### EXERCISE OBJECTIVE
Reproduce the full listing below unchanged, apart from the pictures.
*** Opening DATA SECTION ***
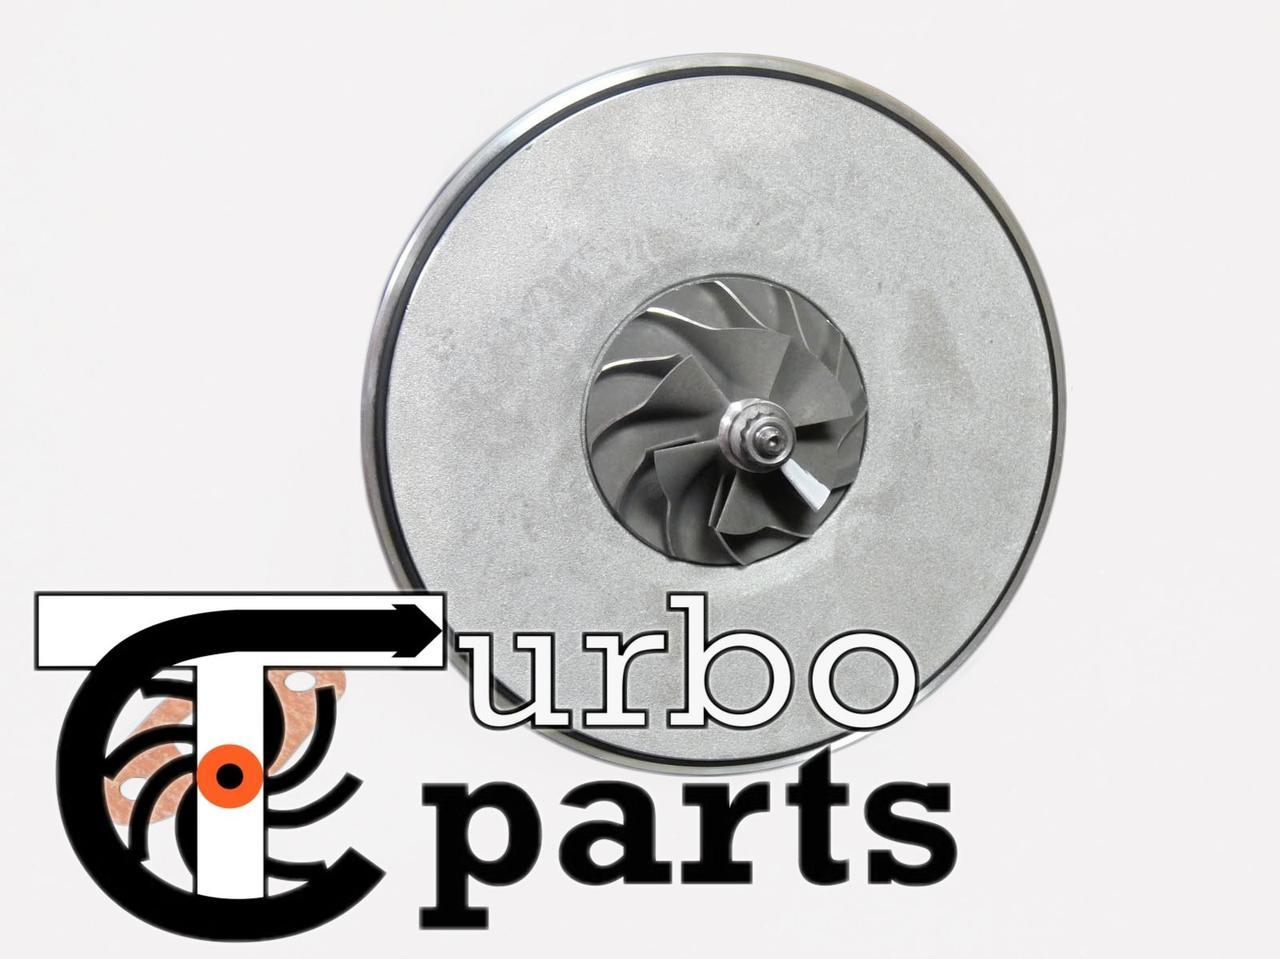 Картридж турбины Suzuki Grand Vitara 2.0HDI от 2002 г.в. - 734204-0001, 713667-0001, 713667-0003
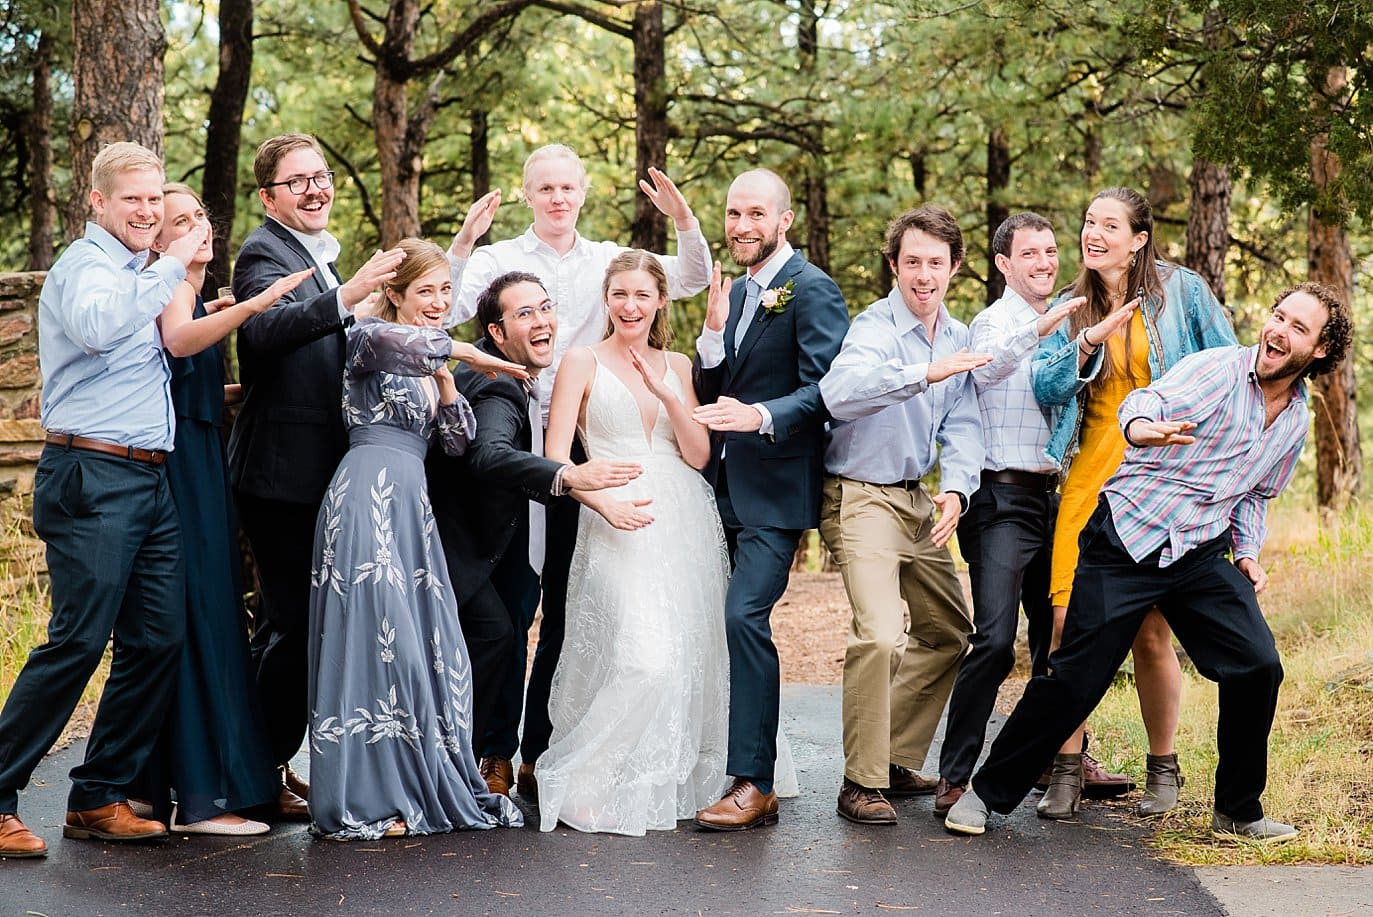 best friends group photo outdoor wedding
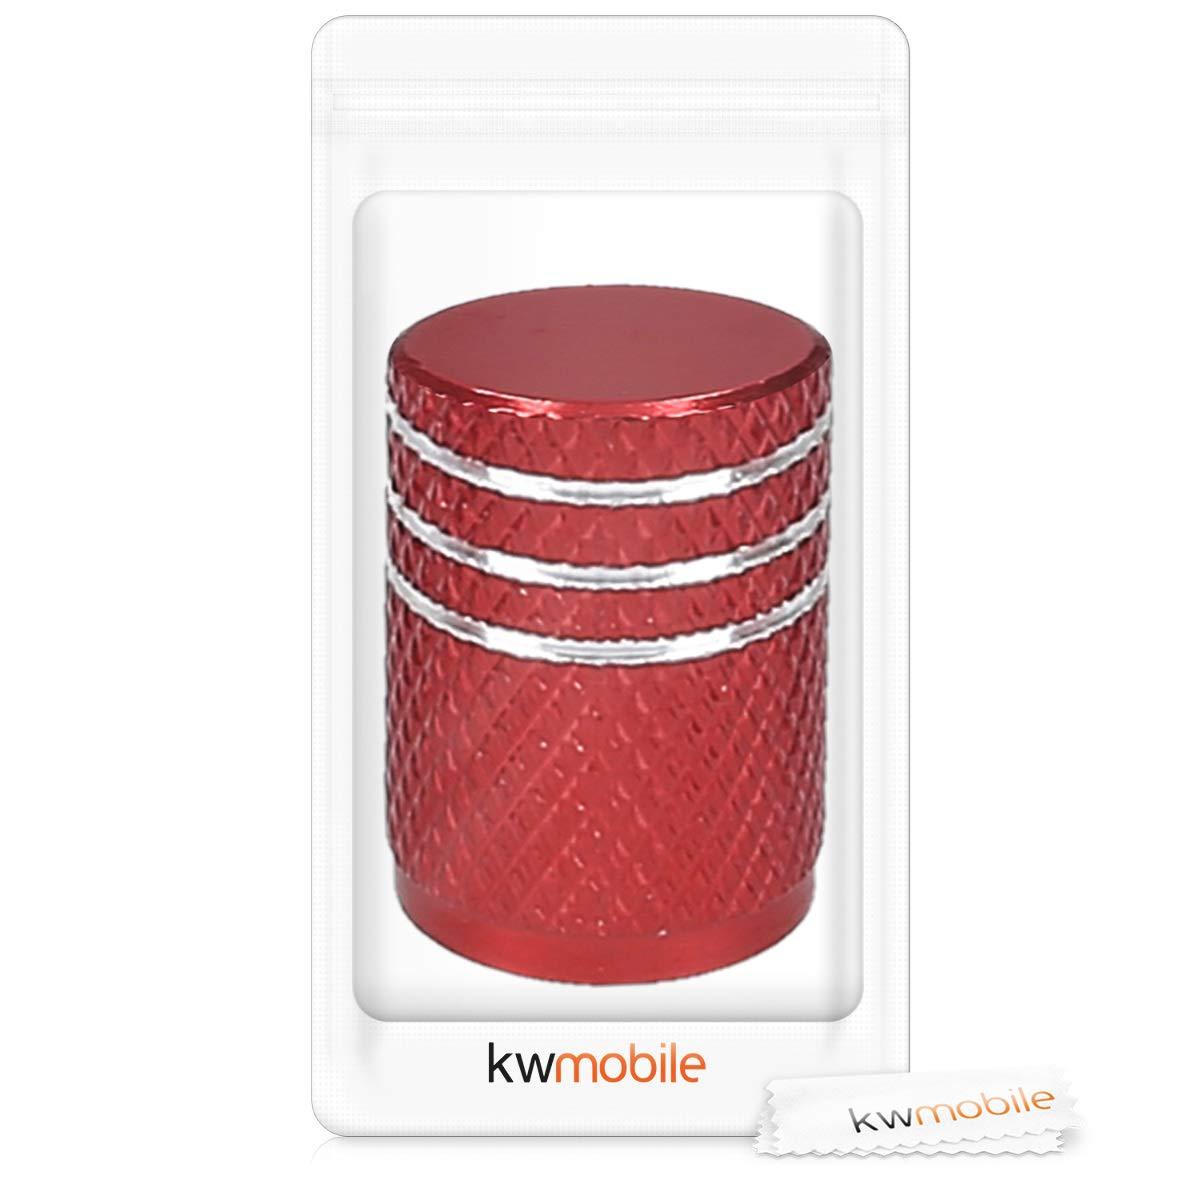 kwmobile 5en1 Tapas de Metal para v/álvula de neum/áticos de Coche Moto Bicicleta Juego de Tapas de v/álvula en Naranja
*** Closing DATA SECTION ***
### OUTPUT OF THE TASK
 Картридж турбины Suzuki Grand Vitara 2.0HDI от 2002 г.в. - 734204-0001, 713667-0001, 713667-0003
 best friends group photo outdoor wedding
 kwmobile 5en1 Tapas de Metal para v/álvula de neum/áticos de Coche Moto Bicicleta Juego de Tapas de v/álvula en Naranja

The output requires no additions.